Bioinformatics applications can address the transfer of information at several stages
of the central dogma of molecular biology, including transcription and translation.
This dissertation focuses on using Bayesian models to interpret biological data in
bioinformatics, using Markov chain Monte Carlo (MCMC) for the inference method.
First, we use our approach to interpret data at the transcription level. We propose
a two-level hierarchical Bayesian model for variable selection on cDNA Microarray
data. cDNA Microarray quantifies mRNA levels of a gene simultaneously so has
thousands of genes in one sample. By observing the expression patterns of genes under
various treatment conditions, important clues about gene function can be obtained.

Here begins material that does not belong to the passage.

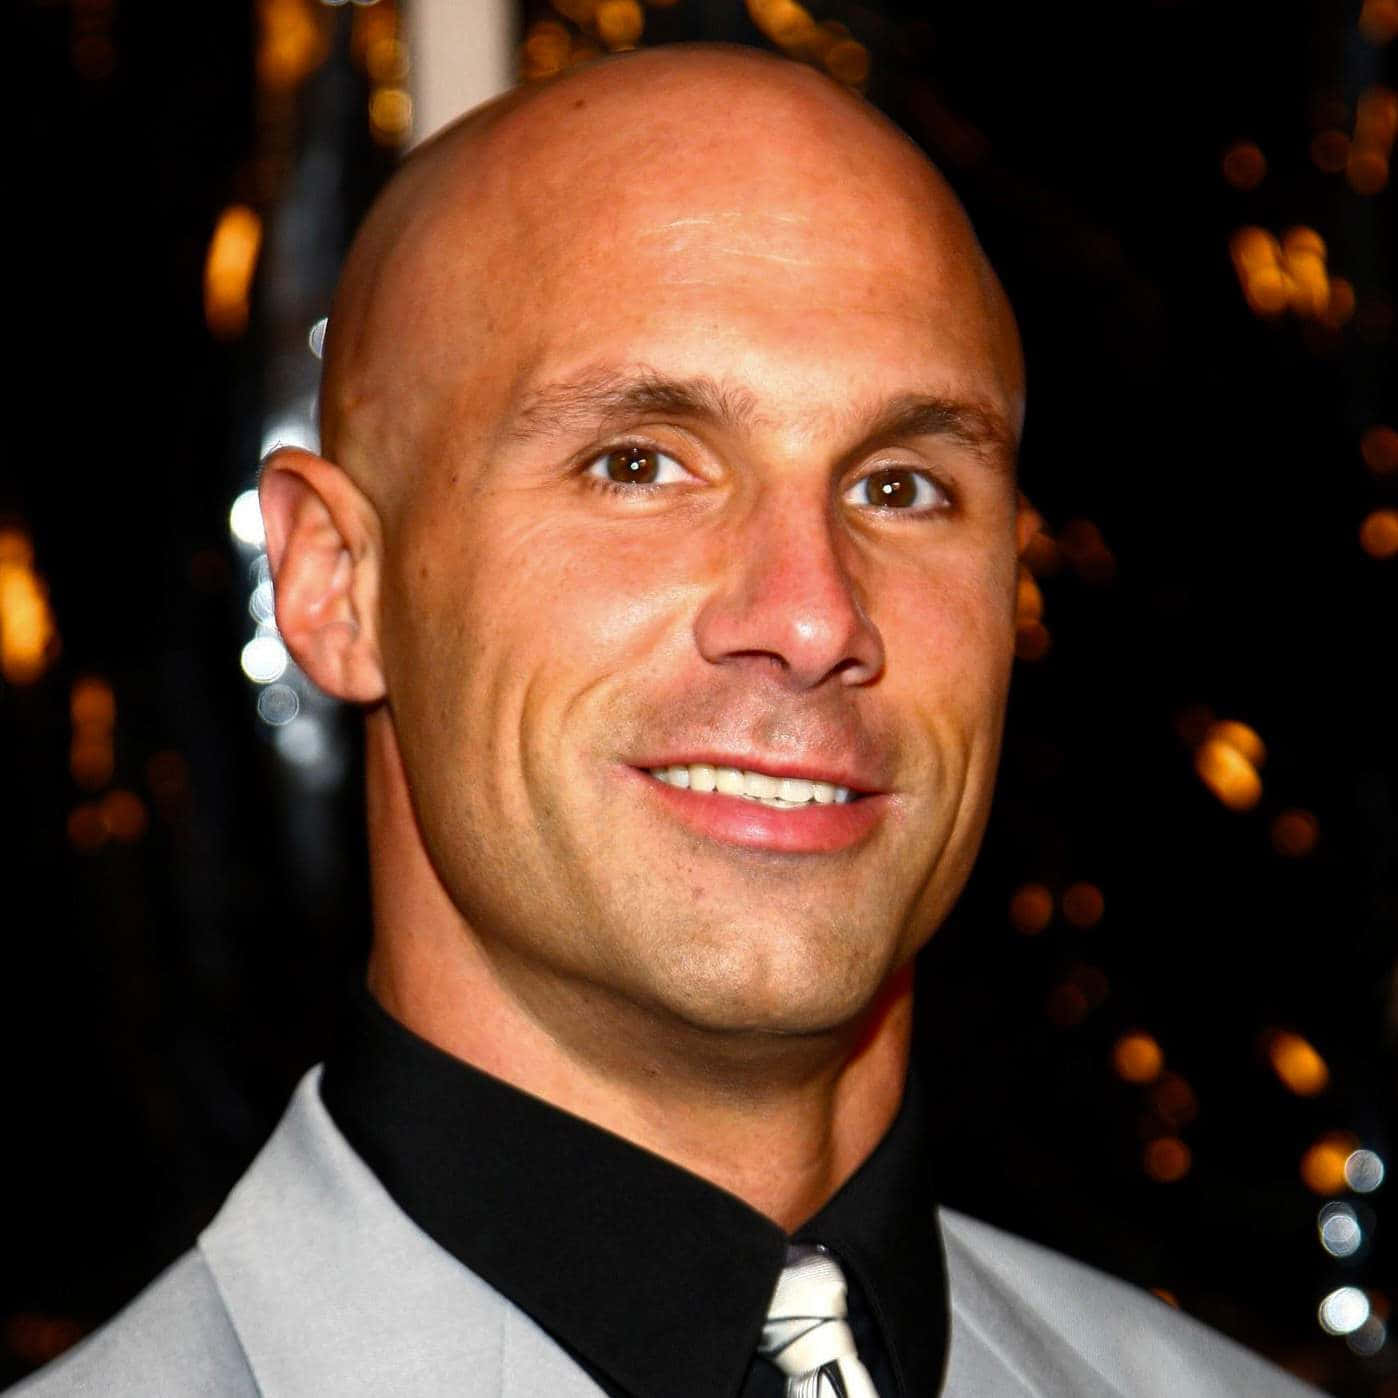 American Aew Wrestler Christopher Daniels Close Up Shot Picture

We consider a multivariate Bayesian regression model and assign priors that favor
sparseness in terms of number of variables (genes) used. We introduce the use of
different priors to promote different degrees of sparseness using a unified two-level
hierarchical Bayesian model. Second, we apply our method to a problem related to
the translation level. We develop hidden Markov models to model linker/non-linker
sequence regions in a protein sequence. We use a linker index to exploit differences
in amino acid composition between regions from sequence information alone. A goal
of protein structure prediction is to take an amino acid sequence (represented as
a sequence of letters) and predict its tertiary structure. The identification of linker
regions in a protein sequence is valuable in predicting the three-dimensional structure.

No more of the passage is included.